The privacy violations and complete disregard for user data are too numerous to mention. There's a Wikipedia article that summarizes the ones we publicly know about.
Based on incentives alone, when the company's primary business model is exploiting user data, it's easy to see these events as simple side effects. When the CEO considers users of his products to be "dumb fucks", that culture can only permeate throughout the companies he runs.
There’s a meaningful difference in a company wanting to exploit user data to enrich itself and allowing employees to engage in voyeurism. The latter doesn’t make the company money, and therefore can be penalised at no cost.
Your comment talks about incentives, but you haven’t actually made a rational argument tying actual incentives to behaviour.
Given how WhatsApp is the de-facto way to communicate outside of the West and China, these security/data-handling "weaknesses" are most likely a feature, not a bug. An absolute bonanza for the certain intelligence services.
Remember, kids: End to end encryption is useless if the "ends" are fully controlled by an (untrustworthy) third party.
Yeah, huge in Latin America in the sense that a lot (most?) business only have a number that they use with Whatsapp (you can't call or even text them). Is it the same in Europe? Since I am from Latin America I never know if people from other continents use Whatsapp as much as we do, and if when I ask them to use Whatsapp I am imposing a new app or it's what they regularly use.
No. Here in Germany WhatsApp is not even that widespread for businesses. But WA is very big here for personal communication, though Signal comes in second (at least amongst older people, and amongst my circle)

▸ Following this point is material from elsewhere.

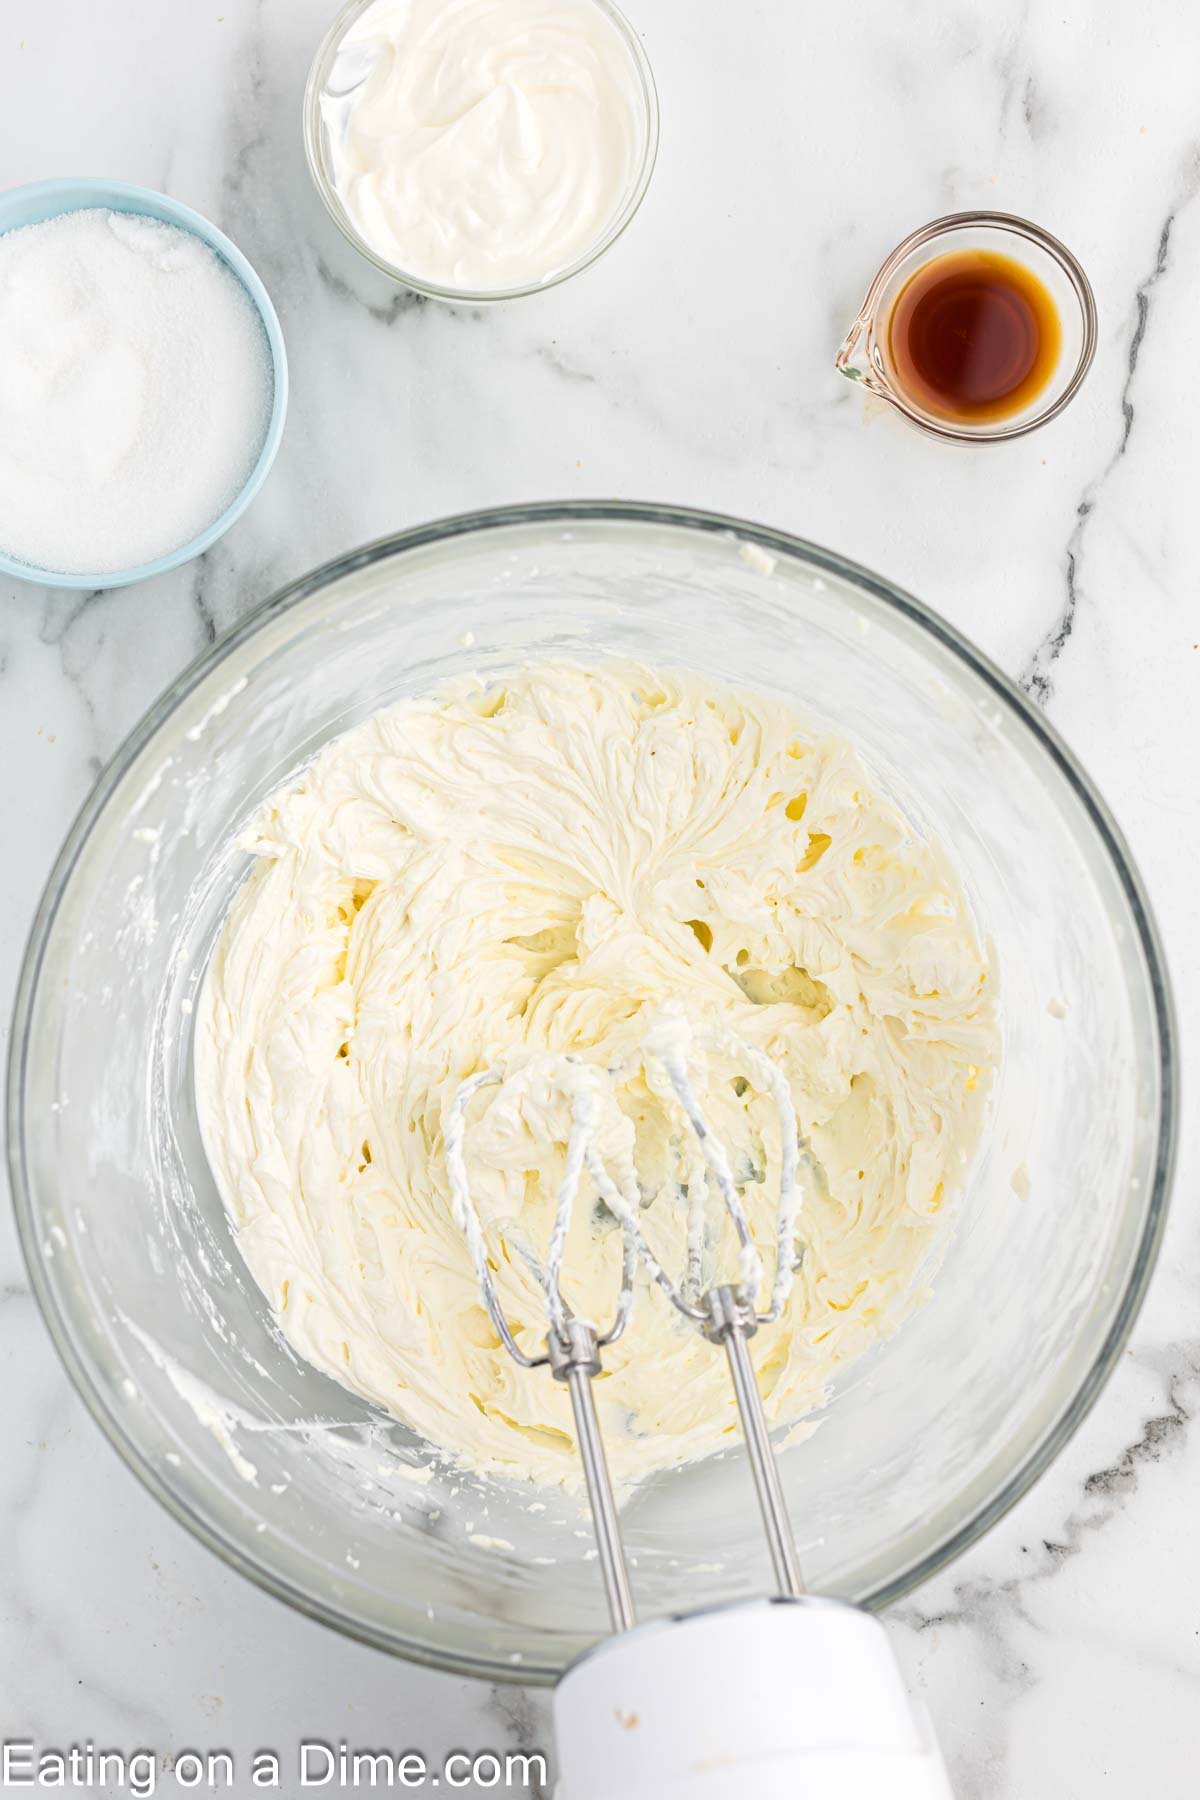 Beating the cream cheese with a hand mixer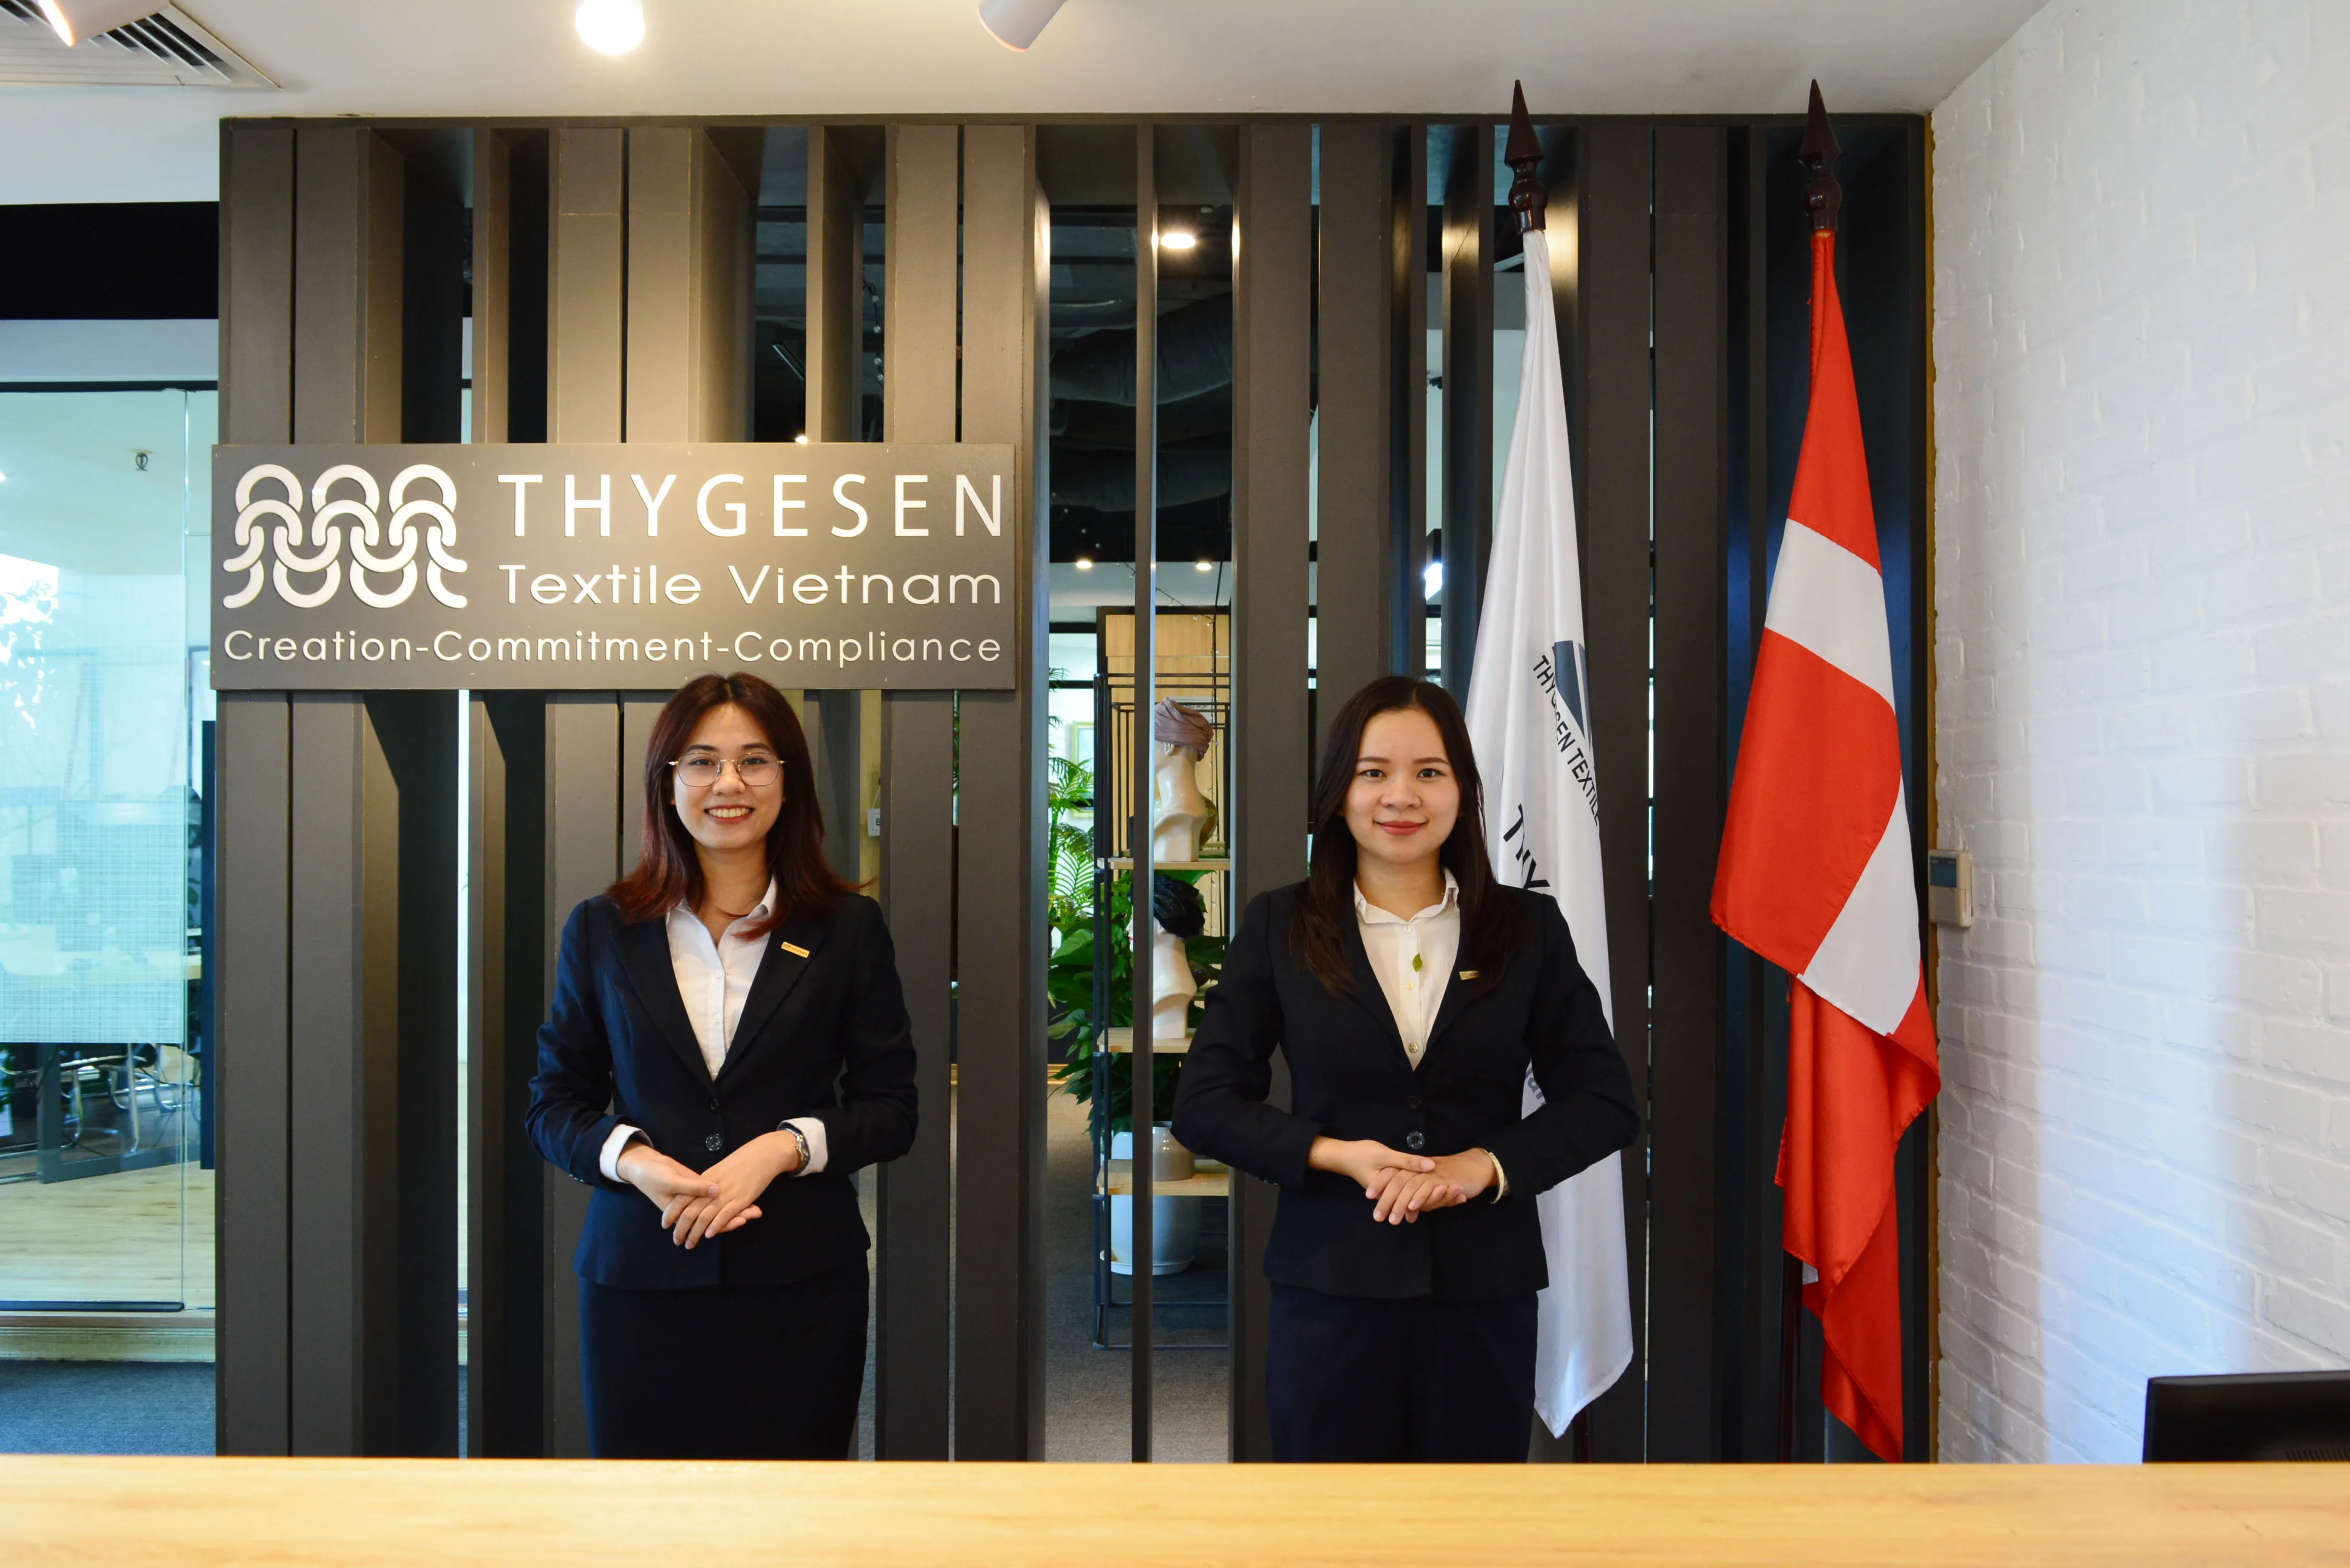 Thygesen Vietnam is your partner in sustainable fashion manufacturing

It's definitely not the world's messaging market. For instance in Japan and many places in SEA, Line is the standard messenger - one many people probably haven't even heard of. Though it does have a nice play on words - are you on Line?
It’s not uncommon. Orkut back in the day was wildly popular in Latin America and India. WhatsApp is the same. I think users in NA have a lot of high quality options as against those in Asia and LatAm who don’t have much reliable options other than ones developed in NA.
You can get an android phone for about one tenth of what a new iPhone costs. That’s why android dominates lower income markets. Apple decided they just don’t want to be there.
I’m not sure that’s true. I’m fairly certain UK, France, AU, Canada WhatsApp is not vastly more popular than the blue bubble alternative. At least I believe this was the case a few years ago, based on data I’d seen.
> Blue bubble isn't really a thing ever mentioned in France either, not enough iPhone market share.
Nobody uses iMessage. People with iPhone use WhatsApp too.
The user experience of iMessage used to be subpar and now everyone has WhatsApp installed anyway, the feature set is the same and it works on all phone brands so nobody feels like switching.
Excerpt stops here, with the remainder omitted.